If the decedent has a will, then the insurance funds will be distributed in accordance with the will as if they formed part of the residual assets. The executor of the will is required to pay out the funds as stipulated in the will. If the will is contested, then the insurance proceeds will be held on trust along with the other assets, pending the result of any private settlement or court hearing.

What if there is no will?

If the decedent did not leave a valid will, the insurance funds will be dealt with the intestate provisions of state probate or succession law, along with all other assets left by the decedent. Probate law varies from state to state, but generally, someone will need to apply for probate. The court will usually choose a relative or the decedent’s attorney as the executor to carry out the court’s orders.

First, all debts and costs are paid to creditors, the attorney and the court. The court will determine how the remainder is distributed. Generally, if there are no children, the spouse will receive the lot. If there are children, the assets are divided among the spouse and the children in proportions that depend on the number of children. However, the intestate distributions vary from state to state.

For example, chapter 11 Part 2 of the California Probate Code states:

“6400. Any part of the estate of a decedent not effectively disposed
of by will passes to the decedent’s heirs as prescribed in this
part….

6401.(c) As to separate property, the intestate share of the surviving
spouse or surviving domestic partner, as defined in subdivision (b)
of Section 37, is as follows:

(1) The entire intestate estate if the decedent did not leave any
surviving issue, parent, brother, sister, or issue of a deceased
brother or sister.

(2) One-half of the intestate estate in the following cases:

(A) Where the decedent leaves only one child or the issue of one
deceased child.

(B) Where the decedent leaves no issue but leaves a parent or
parents or their issue or the issue of either of them.

(3) One-third of the intestate estate in the following cases:

(A) Where the decedent leaves more than one child.

(B) Where the decedent leaves one child and the issue of one or
more deceased children.

(C) Where the decedent leaves issue of two or more deceased
children.”

What about FEGLI?

FEGLI stands for Federal Employee’s Group Life Insurance. As stated above, these policies leave the onus on employees to nominate beneficiaries. If the decedent failed to make a designation, the order of payment or precedence is determined under FEGLI law. The life policy proceeds will NOT initially form part of the decedent’s estate.
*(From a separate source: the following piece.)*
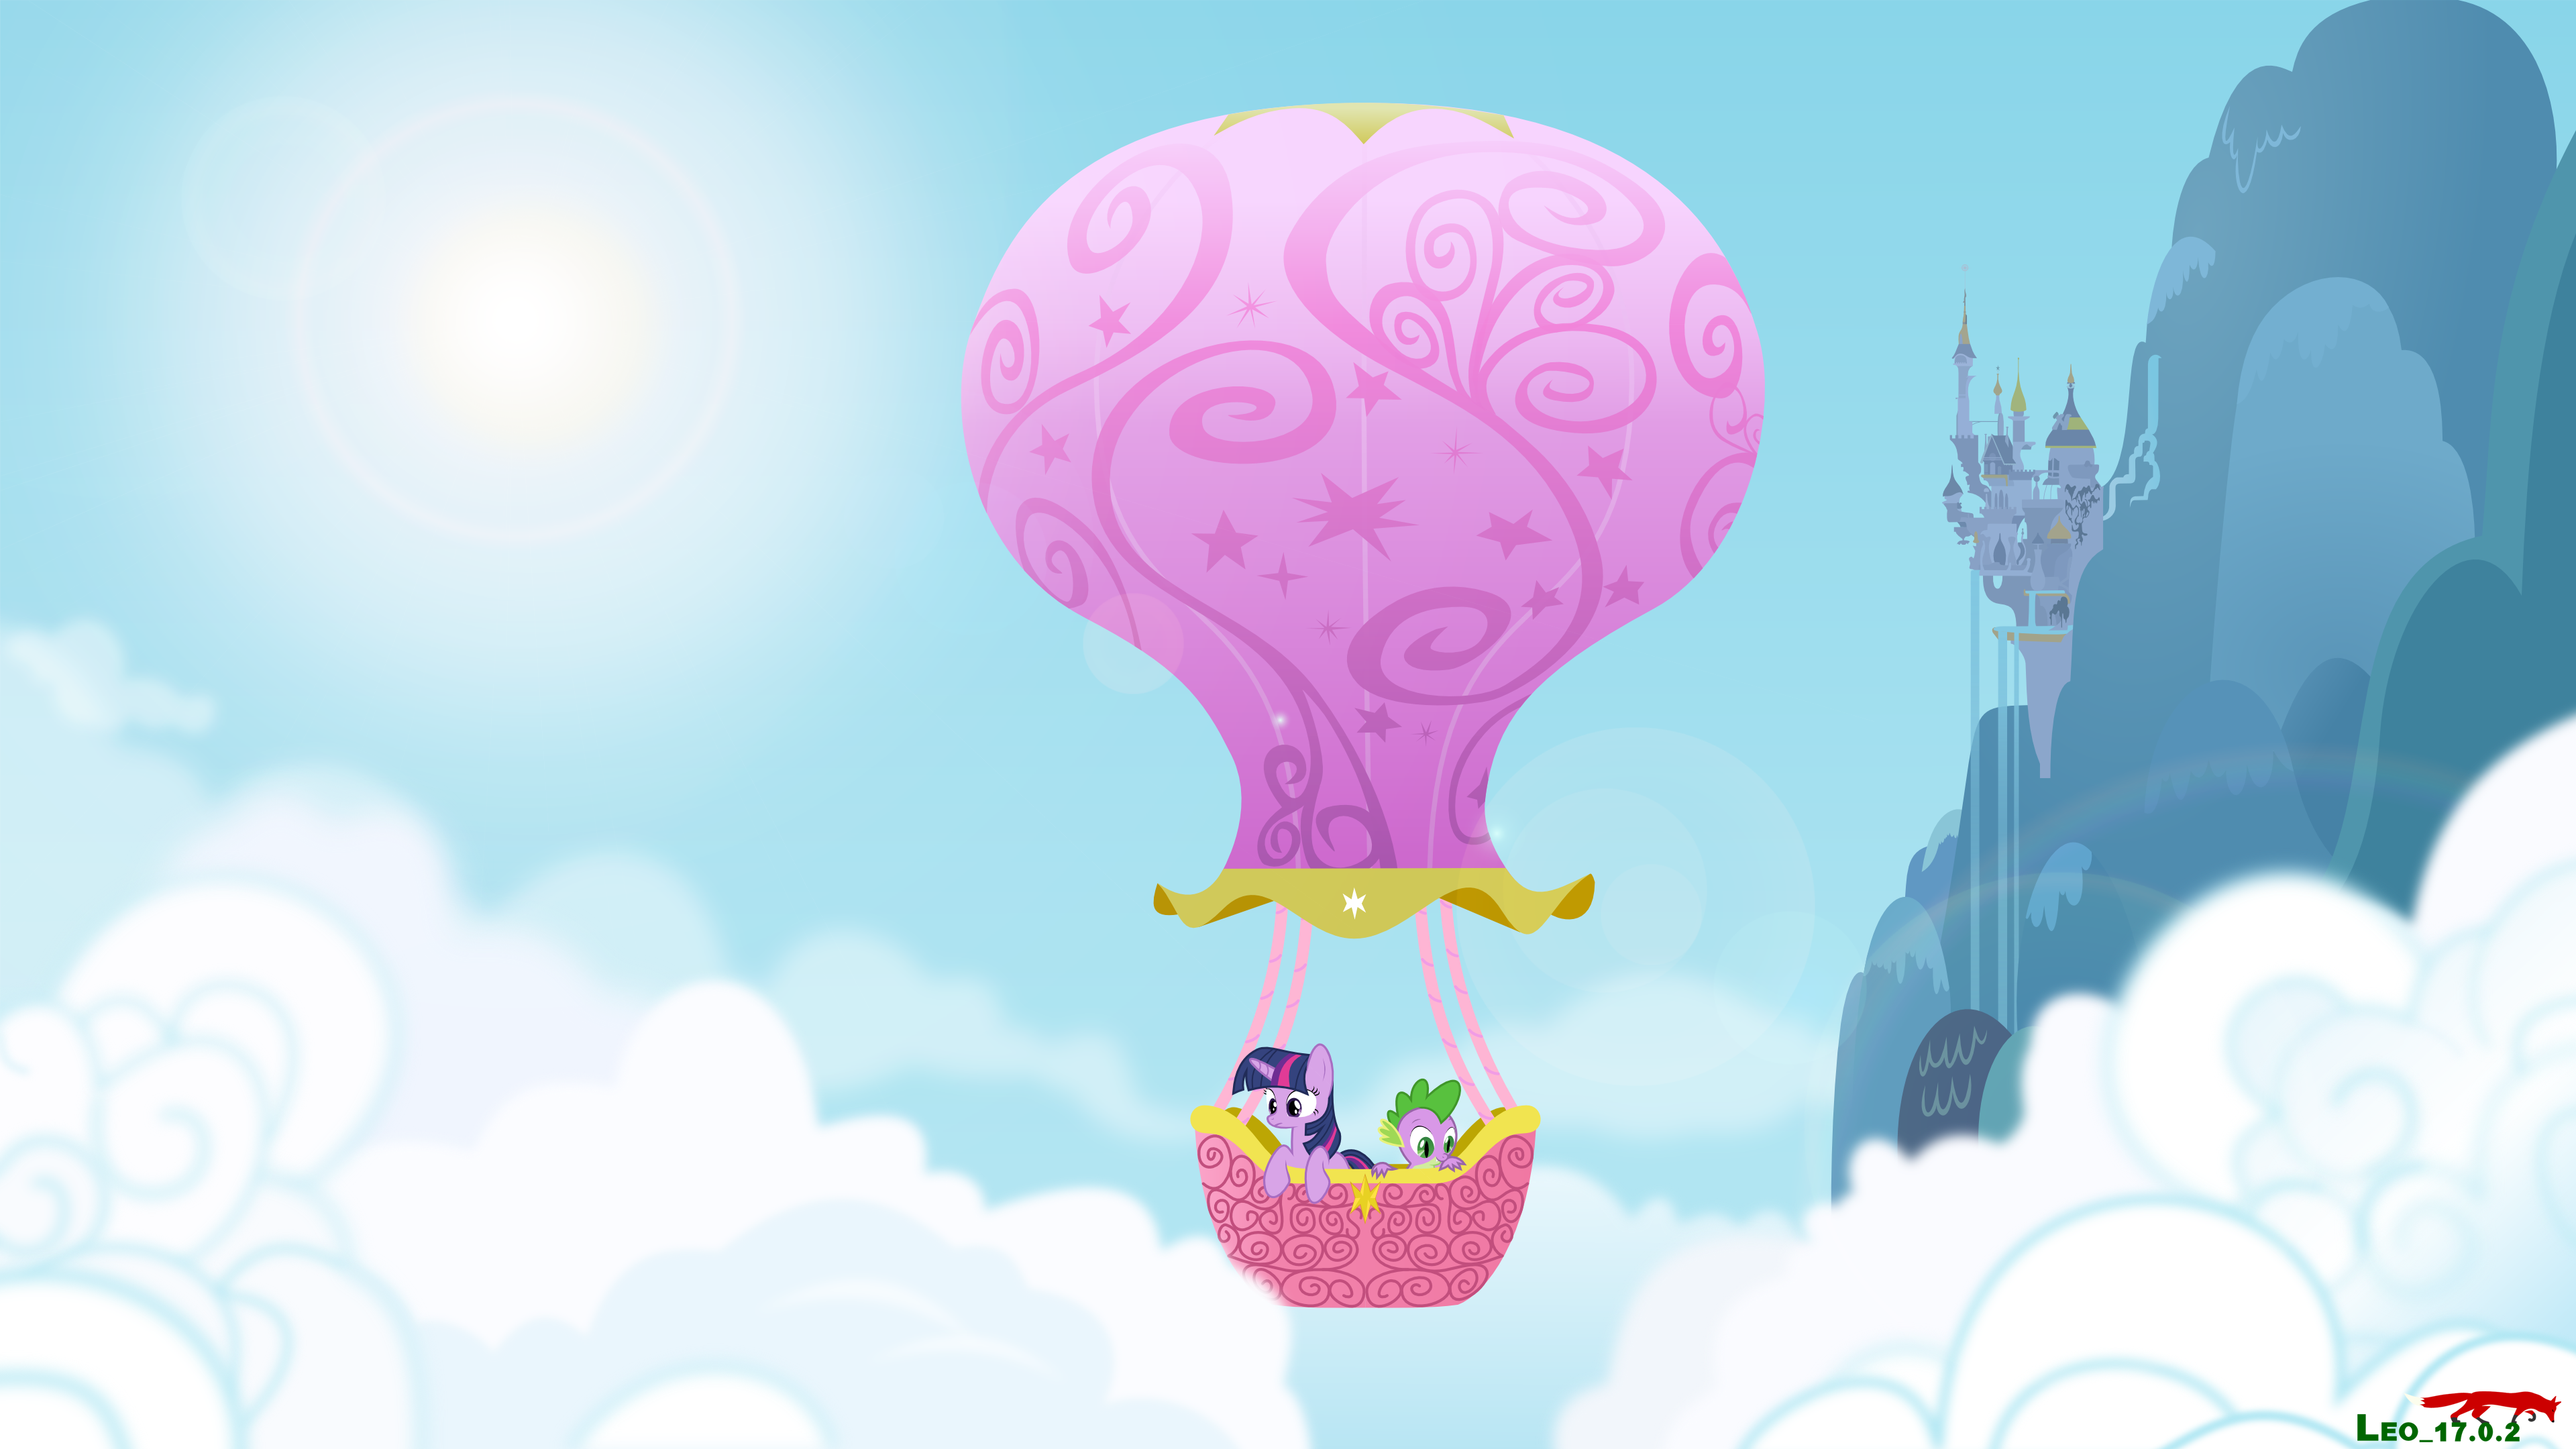 Hot Air Balon of MLP in HD by Leo-17-0-2 and Qsteel

If there is no named beneficiary, the law relating to FEGLI stipulates the proceeds to be paid to the spouse. If there is no surviving spouse, it will be distributed equally among the decedent’s children and if a child has predeceased, then that child’s children. Many websites simply refer to FEGLI law or the FEGLI Act. The provision is actually contained in the U.S. Code, Title 5, Part III, Subpart G, Chapter 87, Section 8705, which states:

“(a) Except as provided in subsection (e), the amount of group life insurance and group accidental death insurance in force on an employee at the date of his death shall be paid, on the establishment of a valid claim, to the person or persons surviving at the date of his death, in the following order of precedence:

First, to the beneficiary or beneficiaries designated by the employee ….
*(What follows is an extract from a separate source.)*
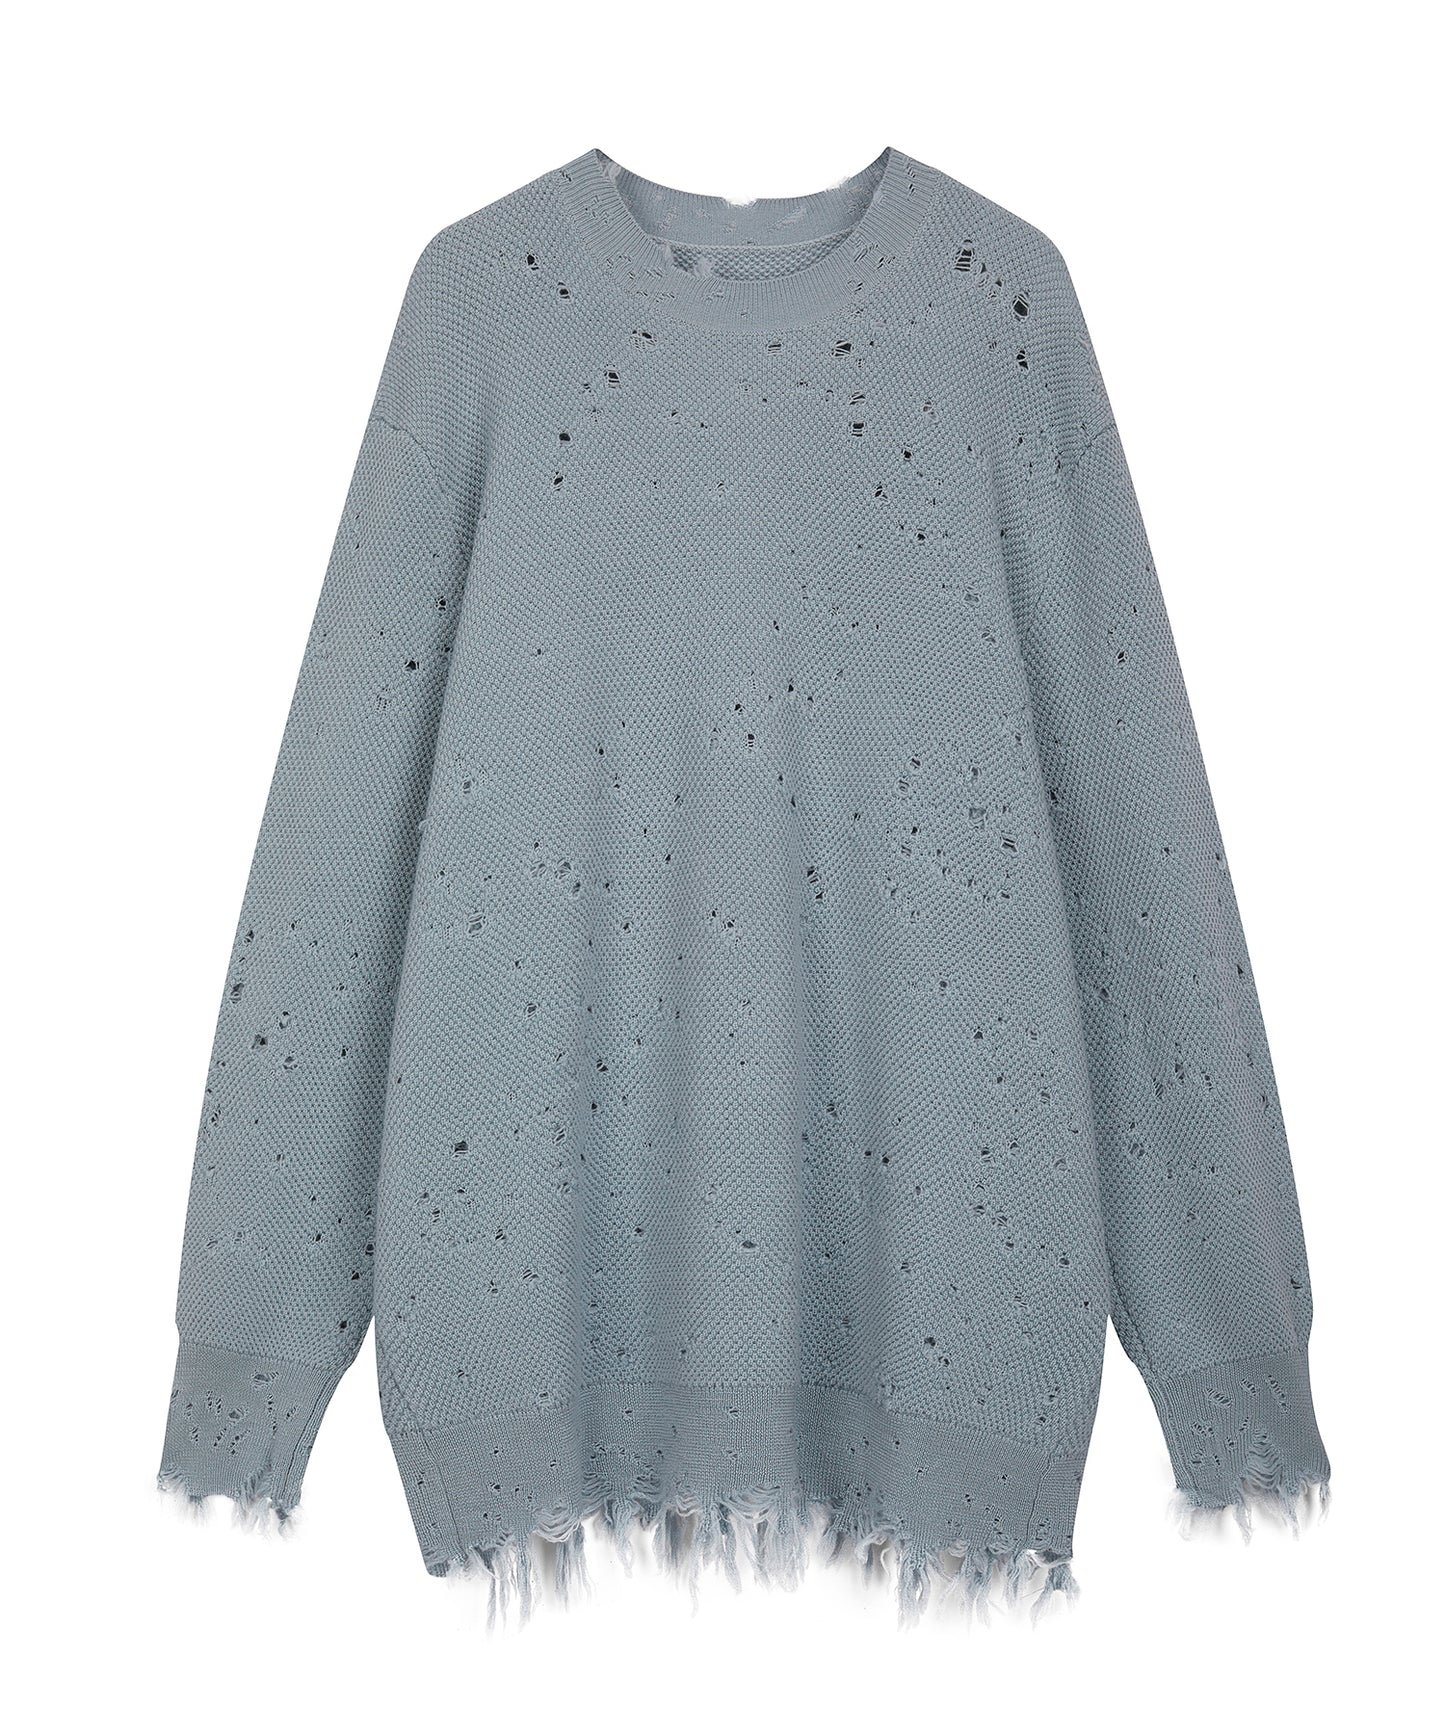 Distressed Fluffy Sweater

Second, if there is no designated beneficiary, to the widow or widower of the employee.

Third, if none of the above, to the child or children of the employee and descendants of deceased children by representation.

Fourth, if none of the above, to the parents of the employee or the survivor of them.

Fifth, if none of the above, to the duly appointed executor or administrator of the estate of the employee.

Sixth, if none of the above, to other next of kin of the employee entitled under the laws of the domicile of the employee at the date of his death.”

The word “employee” is defined in s2105 of that Act.

With any life insurance policy, be it group, individual, term, cash value or otherwise, you MUST ensure to designate a beneficiary. This is the only way to make sure those proceeds actually go to the persons you intended to receive them. It’s surprising how many people fail to do this simple task which can have totally unexpected and undesirable consequences.